7) AI’s near term job is to remove drudgery and surface judgement moments

It is tempting to imagine robots laying bricks and autonomous cranes. Reality is less cinematic and more valuable. The construction tasks that will change first are the administrative and co-ordination tasks that eat time and create delays.

Practical applications are already paying off. Routing field techs more intelligently. Auto assembling compliance records from captured events. Turning unstructured site updates into structured progress data. Suggesting schedule changes when weather, materials, or subcontractor capacity shifts. Summarising job risk by exception so leaders focus attention where it matters.
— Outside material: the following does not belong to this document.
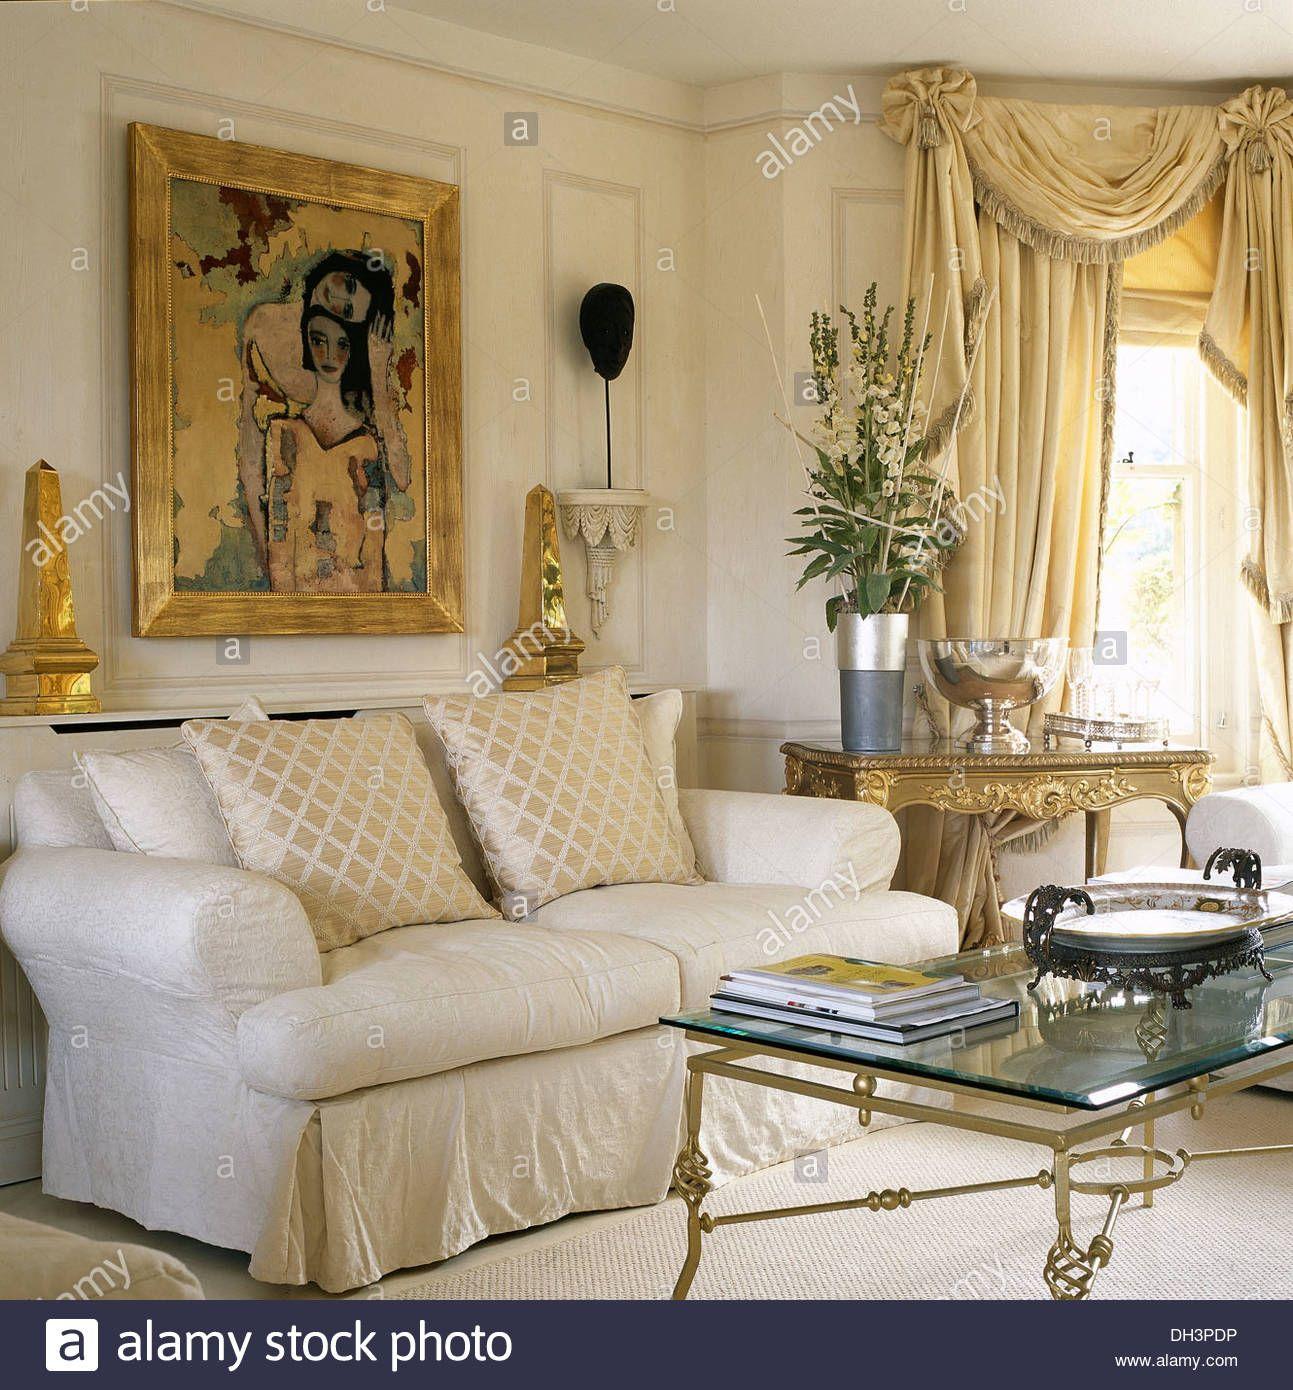 30 Brilliant Image Of Opulent Living Room Living Room Furniture

Think of AI as a way to compress the distance between what happened and what you should do next.

8) Profitability is a data problem dressed up as a delivery problem

Australia’s building sector has seen too many collapses in recent years. Cash flow risk and thin margin are chronic. Technology cannot fix macroeconomics, but it can arm leaders with timely, decision-grade data. That starts with job-level truth. Are we on plan. Where are we slipping. Which subcontractors consistently deliver to spec and schedule. Which scopes hide change order risk. You cannot manage what you cannot see. A live operating system makes profitability manageable instead of mysterious.

9) Talent still decides the outcome

Jordan returns repeatedly to the theme of people. Cross-functional talent with domain depth and product judgement. Partners who tell you the truth, not what you want to hear. Early team members who wear multiple hats and learn fast. Technology amplifies good teams. It does not replace them. If you are scaling, treat team design with the same rigour as product design.
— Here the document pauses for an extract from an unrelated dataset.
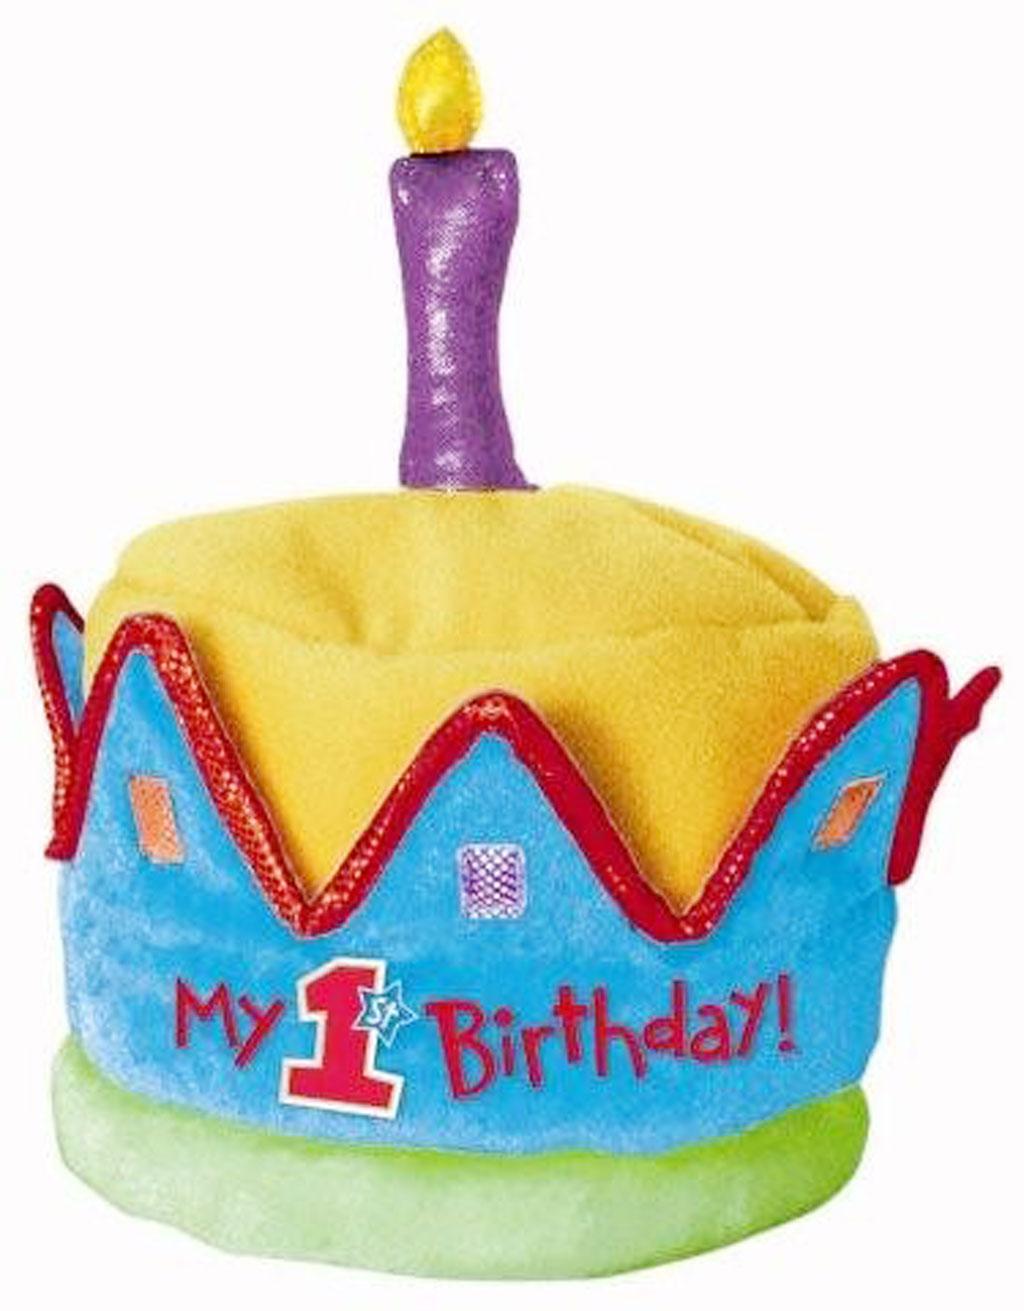 Leapfrog Birthday Cake Canada Birthday Cake Cake Ideas By Prayface

How to Apply These Lessons Beyond Construction

  • Map your co-ordination tax. List every tool and hand-off in your core workflow. Consolidate or connect until information flows without manual rework.
  • Validate under load. Choose a roll-out window that reflects peak stress and measure time saved, errors avoided, and jobs per person before and after.
  • Replace late spreadsheets with live context. If data is still batch updated, you have not solved the problem yet.
  • Sell by discovery. Anchor demos in specific pains and define two to three early wins that a frontline user will feel within the first weeks.
  • Instrument profitability. Push for job-level dashboards that surface variance early and connect operational events to financial consequences.
  • Deploy AI where it removes toil or accelerates judgement. Start with routing, summarisation, compliance packaging, and exception detection.

The big takeaway. Whether you are pouring slabs or shipping sprints, the work is the work. Centralise truth, test under pressure, invest in adoption, and free people to do their best work. The gains compound faster than you think.